Ford turned off the radio. As he drove down the interstate, the light in the sky continued to increase, slowly but steadily, as the debris cloud extended out. It was yellowish in color, grading off to reddish hues at the edges--hot, condensing debris from the strike. But the show would soon be curtained; the intermittent clouds that had earlier covered the sky had given way to a squall line of black weather, looming on the horizon, flickering with internal lightning.

He glanced at the clock: he was half an hour from the Portland airport; he'd catch the midnight flight to D.C. and be there by two or three A.M.

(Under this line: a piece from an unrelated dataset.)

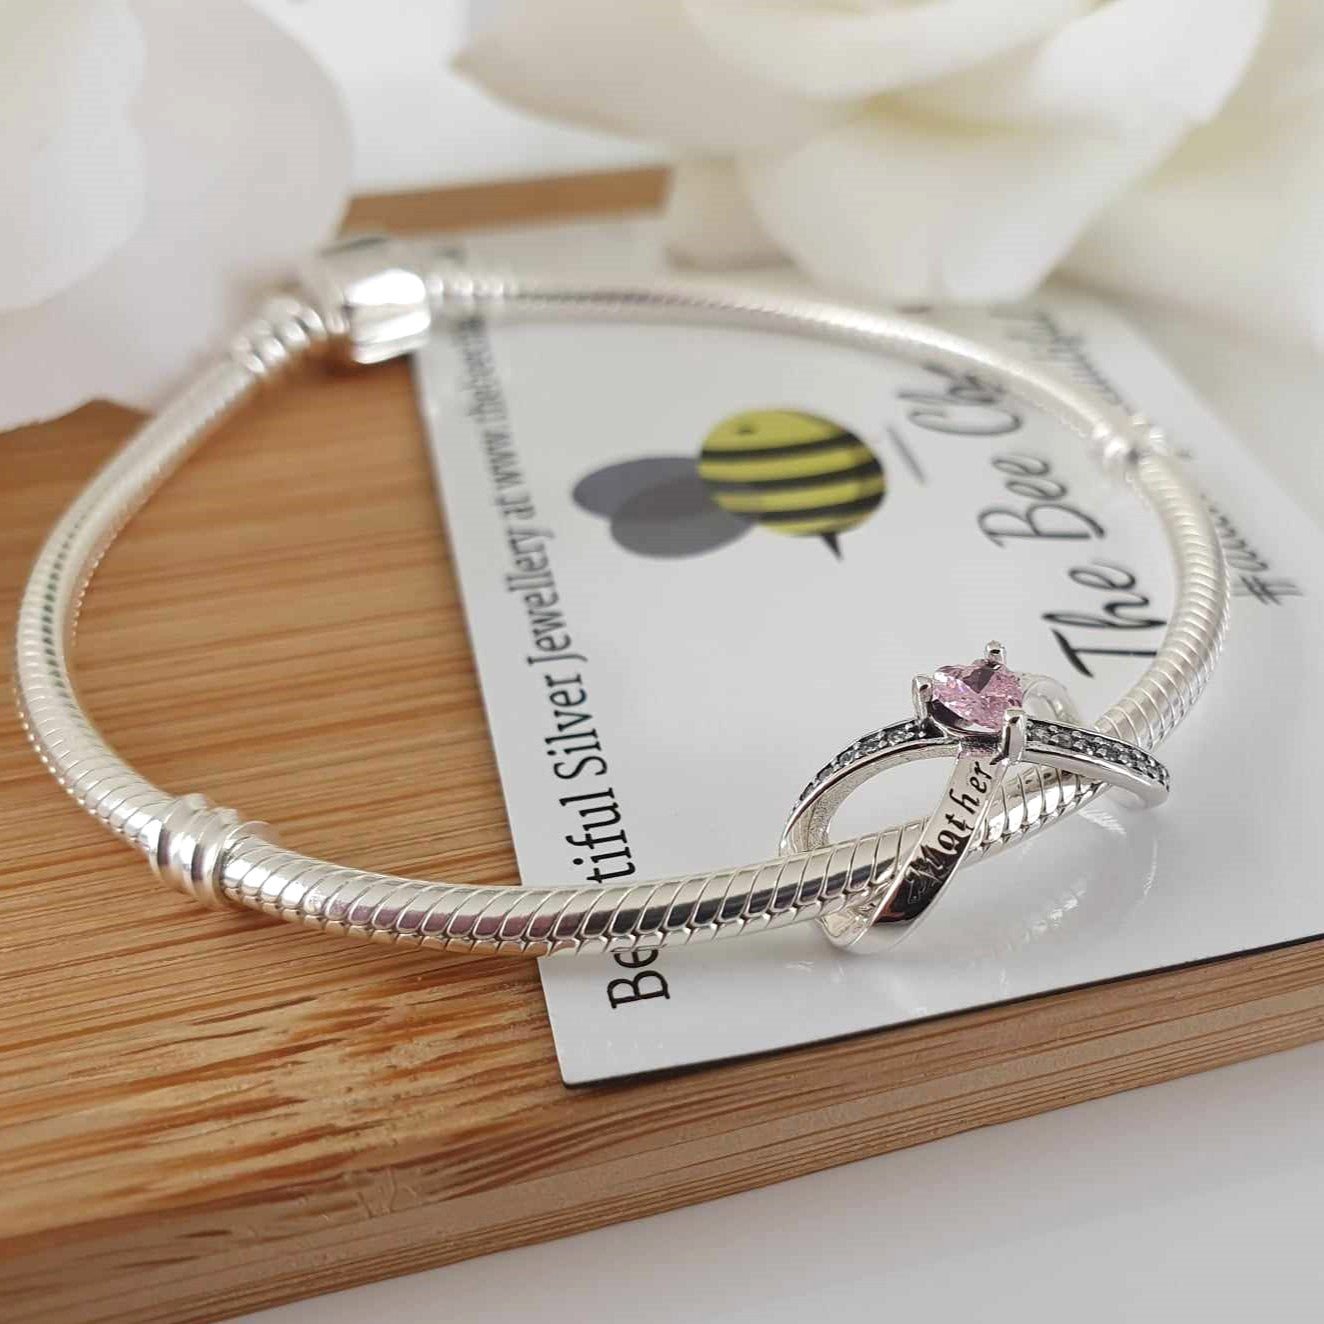 Mother & Daughter Forever Charm - The Bee Charm

But first, he had to set up a little sting.

71

Dawn never breaks in a Vegas casino or the White House Sit Room , Lockwood thought as he followed the duty officer into the windowless, cocoon-like Situation Room, already packed with people. Lockwood recognized the ferret-like demeanor of the national security advisor at the head of the conference table, Clifford Manfred, whose Italian suit and Thomas Pink tie were perhaps a touch sharp for Washington. Seated with him was the director of central intelligence, a gray man in a gray suit with alert gray eyes; several nondescript intelligence analysts and a communications specialist. A huge flat-panel video display at the far end was split into multiple screens, one with a real-time image of the Moon--now with two jets coming off it--and the others showing silent news feeds from the U.S. and foreign media. Other screens around the walls displayed images of people attending by video conference, including the chairman of the Joint Chiefs, a small, precise man with snowy hair, wearing an admiral's uniform.

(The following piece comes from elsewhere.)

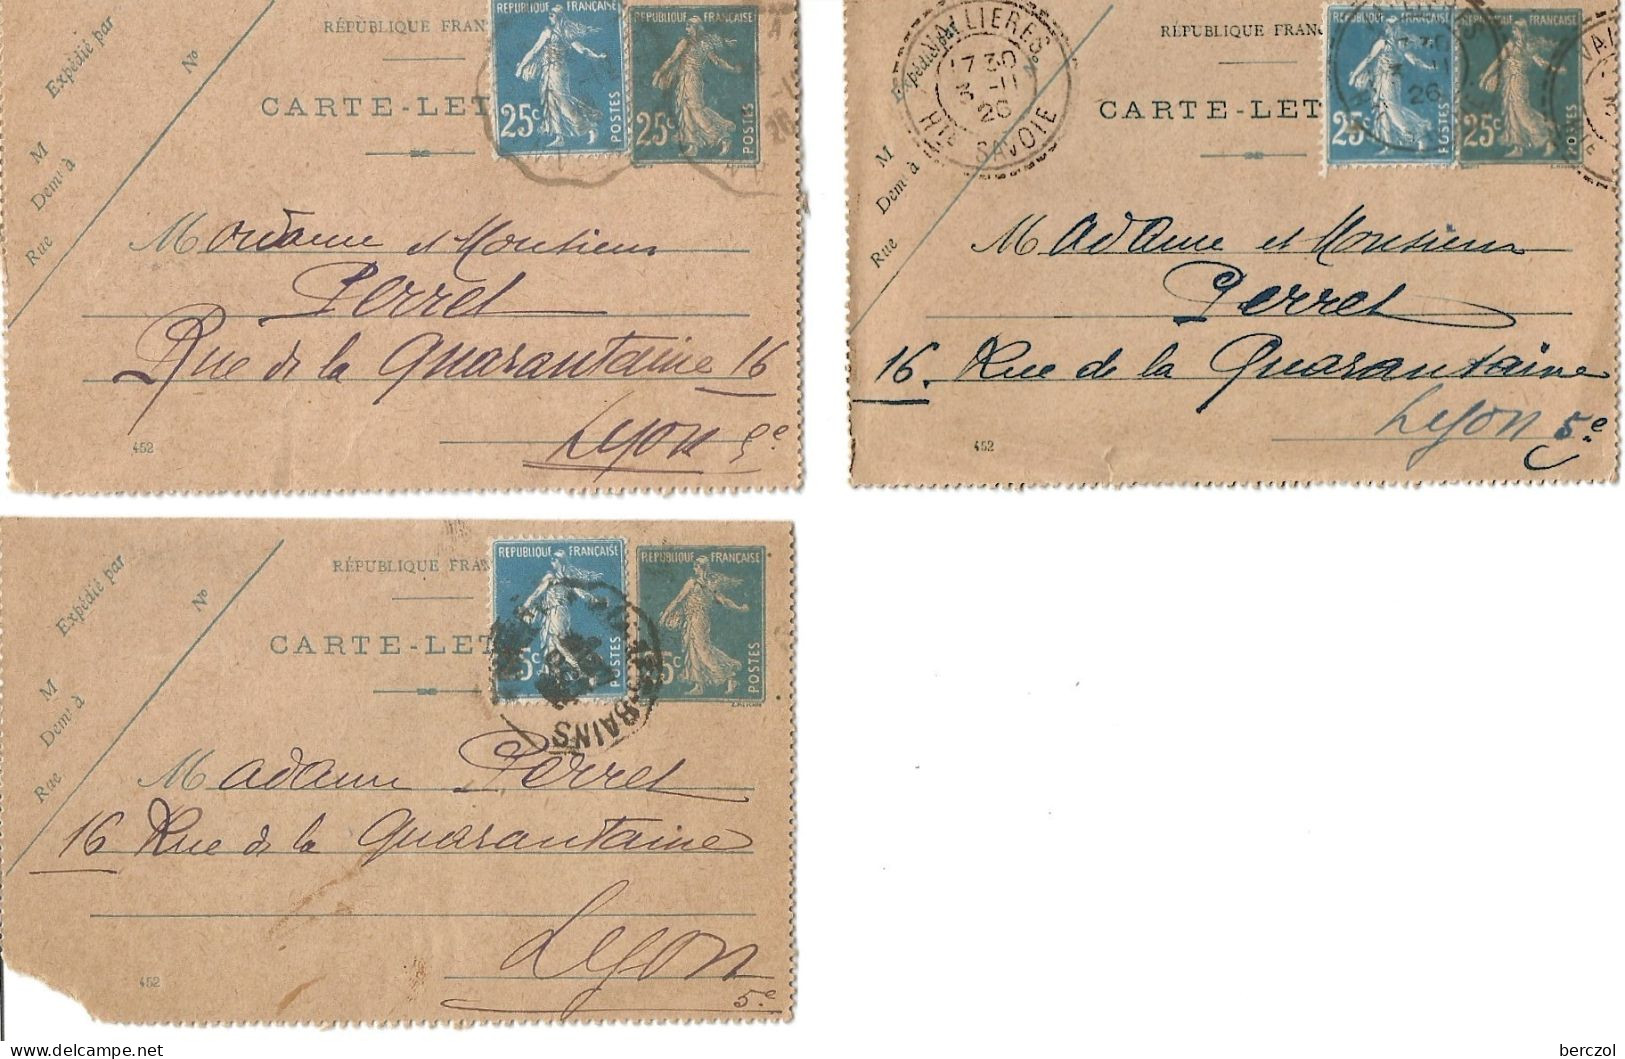 FRANCE ANNEE1907/1939 LOT DE 3 ENTIERS TYPE SEMEUSE CAMEE N° 140 CL1  TB DATE : 452  - Cartes-lettres

Lockwood took a seat in one of the big black leather chairs. There was a low murmur of voices around him and the clank and rattle of spoons in coffee mugs as coffee was served. Everyone was awaiting the arrival of the president.

A few minutes later a hush fell in the room, almost by intuition, and the door opened. A duty officer appeared, followed by the president's chief of staff and then the president himself, dressed in an impeccable blue suit, tall and lean, his once black hair salted with gray, his roving eyes taking in everything, his jug ears sweeping the room like a radar beacon. His unflappable demeanor cast a spell over the room like oil on water, dissipating the air of tension. Everyone made to rise and the president waved his hand. "Please, please, stay seated."

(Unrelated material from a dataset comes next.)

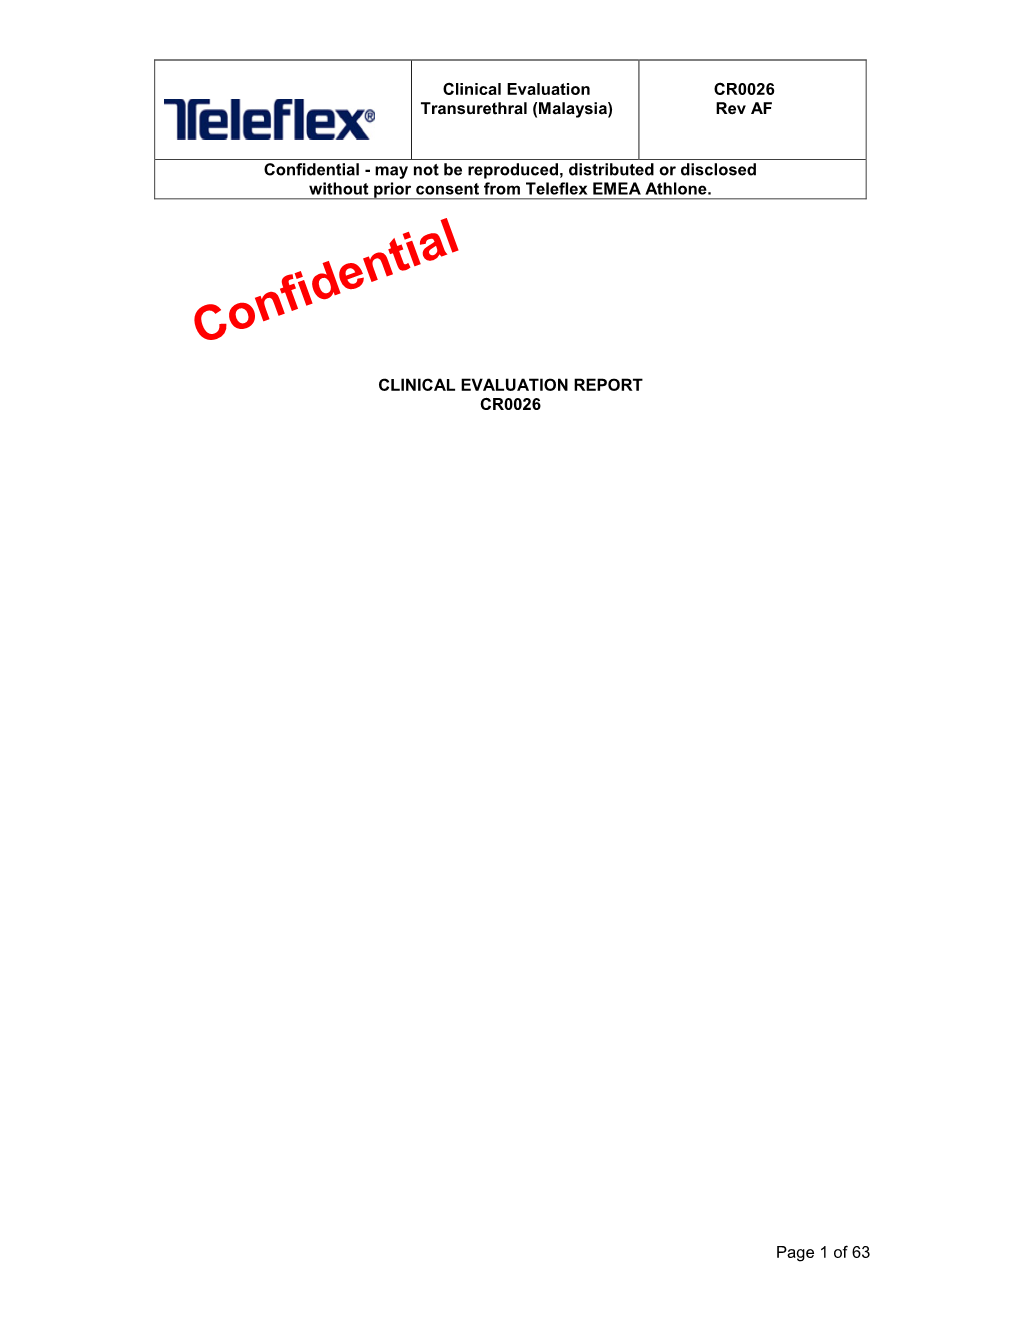 Confidential - May Not Be Reproduced, Distributed Or Disclosed Without Prior Consent from Teleflex EMEA Athlone

They rose anyway and reseated themselves as the president himself took a seat, not at the head of the table, but in an empty chair halfway down. He turned to Lockwood. "Stan, I've got a country on the verge of panic. Every talking-head astronomer in the country is spouting off and saying something different. So start from the beginning and tell us what's really going on--and keep in mind some of us are scientific idiots. Is this just a light show or should we be worried?"